I remember a time when telling someone you were building a startup in Iloilo City was met with a polite but skeptical smile. The unspoken message was always the same: Why here? Why not Manila or Cebu?
That question is becoming harder and harder to ask with a straight face.
Iloilo City has quietly — and not so quietly — emerged as one of the most dynamic startup ecosystems outside of Metro Manila. And for those of us who’ve been working the ground here for years, this isn’t a surprise. It’s a long time coming.
A City That Chose to Bet on Itself
What makes Iloilo different isn’t just the infrastructure or the universities — it’s the intention. Local government, academe, the private sector, and civil society have made a deliberate choice to invest in innovation. The Iloilo Province Startup Development Council, the Iloilo Innovation Council, and programs like the DOST-funded technology business incubators aren’t just acronyms. They represent years of advocacy, policy work, and community organizing.
The result? A growing pipeline of startups tackling real, local problems — from agricultural supply chains and food traceability, to health tech, fintech for MSMEs, and smart governance solutions.
What’s Driving the Momentum
A few key forces are converging right now:
1. A Strong University Ecosystem Iloilo is home to multiple state universities and private higher education institutions producing thousands of tech, engineering, and business graduates every year. Programs like DOST’s Balik Scientist, the CHED ZDN initiative, and university-based TBIs are turning academic research into viable startups.
2. National Policy Tailwinds Republic Act 11337 — the Innovative Startup Act — gave startups a real seat at the table in national development policy. Paired with DICT’s regional programs and DOST’s TBI4.0 and SETUP programs, founders in Iloilo now have access to funding, mentorship, and market connections that didn’t exist a decade ago.
3. A Culture of Collaboration This one is harder to quantify but easy to feel. The Iloilo startup community is remarkably collaborative. Events like Startup Weekend Iloilo, FyrFest, and the Western Visayas Innovative Startup Fest have created a culture where founders share, not hoard — where a win for one startup is seen as a win for the whole ecosystem.
4. The Cost Advantage Is Real Operating costs in Iloilo — from talent to office space — are significantly lower than in Manila, while quality of life is consistently high. For founders, this means runway stretches further. For investors, the return potential is compelling.
The Challenges We Need to Be Honest About
I wouldn’t be doing anyone a favor by painting a purely rosy picture. We still face real challenges.
Access to growth-stage capital remains limited. Most available funding is in the seed and pre-seed range, and while that’s enough to validate ideas, it isn’t always enough to scale them. We need more angel investors and regional VCs willing to write bigger checks for Visayas-based companies.
Talent retention is another pressure point. Some of our best graduates still feel pulled toward Manila or abroad. Keeping them here — or bringing them back — requires not just opportunity, but a compelling vision of what Iloilo can become.

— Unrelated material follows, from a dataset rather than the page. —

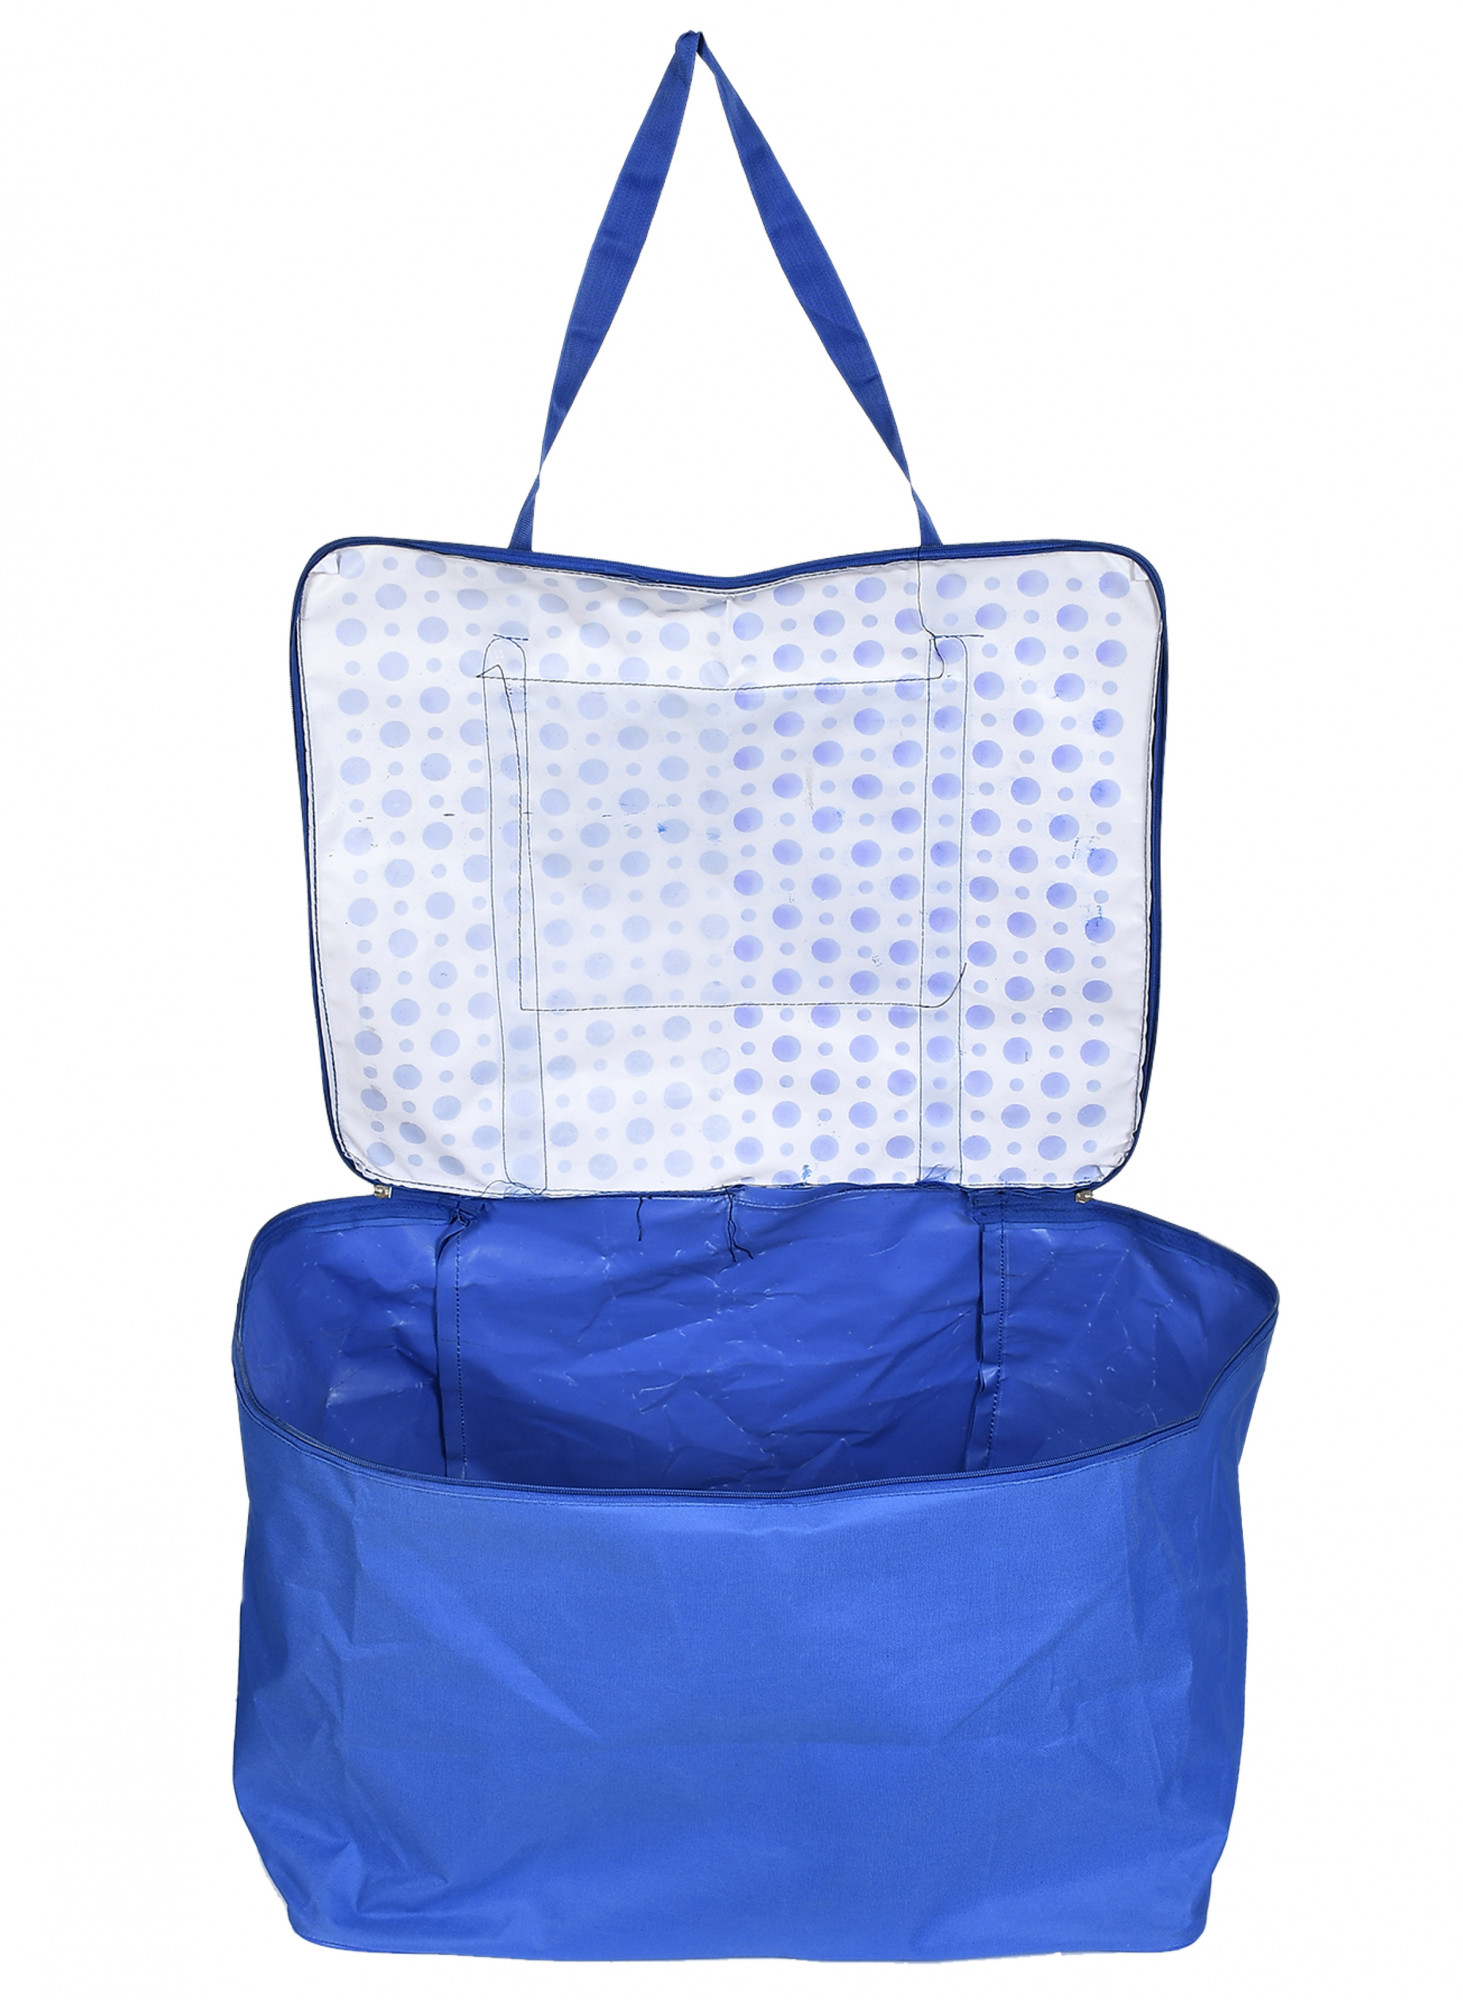 Kuber Industries Dot Printed Large Size Foldable Travel Duffle Bag, Underbed Storage Bag, Wardrobe organizer, Cloth Bag,Hospital Bag, Weekender Bag, Overnight Bag, Carry On Bag, Luggage And Sports Duffle Bag (Blue & White)

And we need to do better at connecting our startups to markets beyond Region VI. Local demand is valuable, but national and ASEAN-scale markets are where the real growth lives.
What I’m Most Excited About
Despite the challenges, I’m genuinely excited about what the next three to five years look like for Iloilo’s startup scene.
Deep technology startups — those building on AI, blockchain, IoT, and data analytics — are starting to emerge from our universities and incubators. These aren’t just apps; they’re platforms with the potential to reshape industries like agriculture, logistics, and local governance.
The founders I meet today are sharper, more globally informed, and more community-rooted than ever before. They’re not just building for exit — they’re building for impact.
That combination is rare. And it’s exactly what Iloilo has to offer the world.